This project is a series of design illustrations developed for a conceptual collection based on an excerpt from "Memories of Ninety Years" by Mrs. E. M. Ward describing the jumble of humanity at the Great Exhibition of 1851. My research explored social class and dress, immigration, cultural & monetary exchange, historical decoration and modifications over time. 
Research on early U.S. immigrants resulted in a moodboard tapestry-backed series of watercolor portraits with hand-dyed threads and printed textiles.
Initial visual research and design experimentation using images documenting the Great Exhibition and immigrant documentation, followed by over 100 drawings.
First hand research: Draping and drawings based on early documentation of Ellis Island immigrants. Over a hundred observational and design sketches led up to the final designs.
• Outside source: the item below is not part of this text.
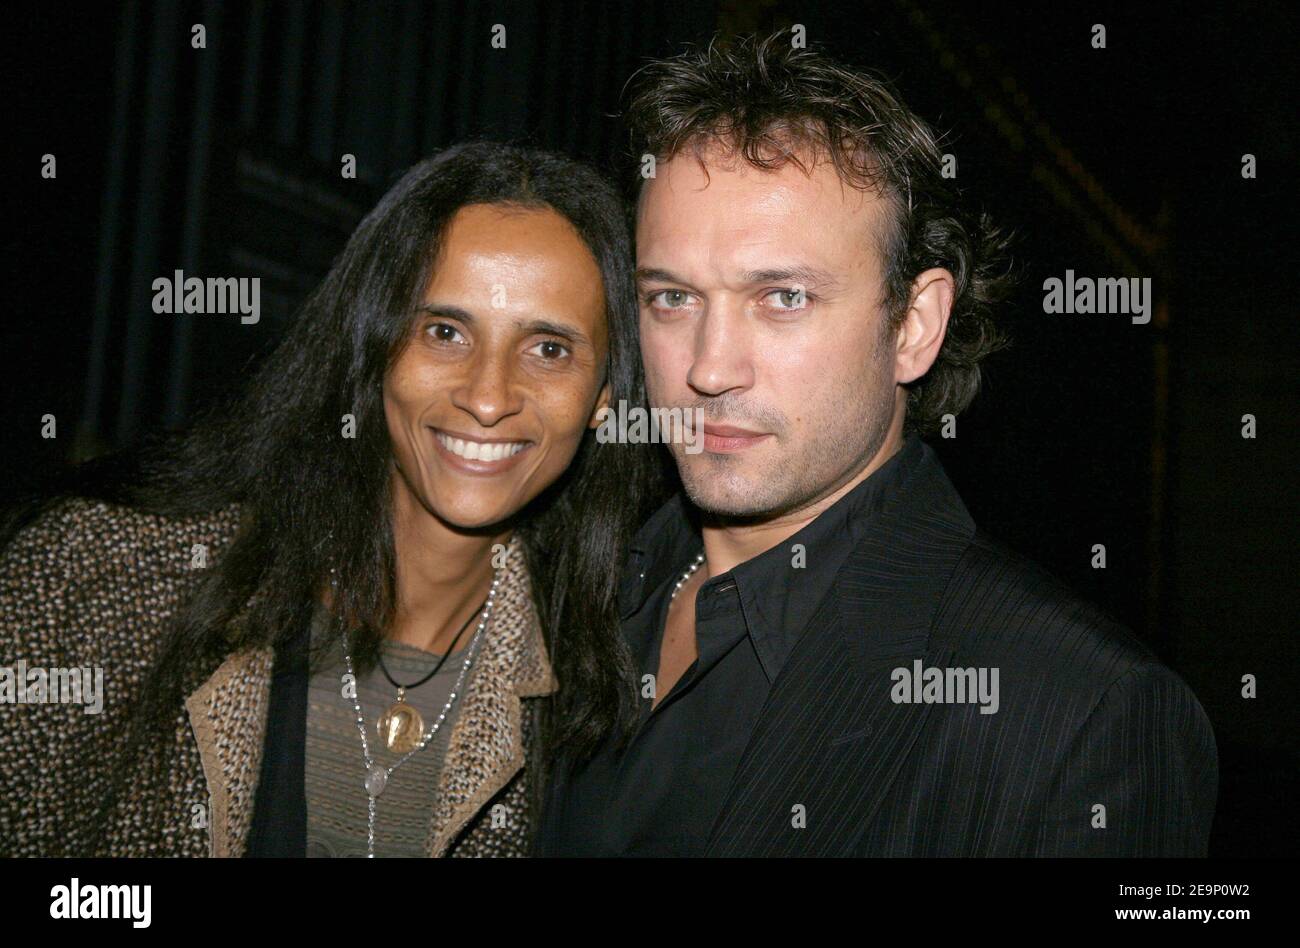 Swiss actor Vincent Perez and his wife Karine Sylla attend the 'Van Cleef and Arpels' party held at the Tuileries garden in Paris, France on October 20, 2006. Photo by Denis Guignebourg/ABACAPRESS.COM. Stock Photo

Conceptual Detail Development: Pick-pocket-friendly pockets (unzip at base), also serve as a status symbol of not needing items kept in pockets... a bourgeois display of being able to afford loss.
Conceptual Textile Development: Similarly, a hand-made coin organza, flaunting status in a striaghtforward, transparent, elegant way. International coinage could further suggest wealth while also mocking under-developed economies. Both play with the idea of socio-economic status and how that relates to fashion.
I developed a series of textiles based on my visual research, which was largely based on currency design and historical decorative patterns from around the world.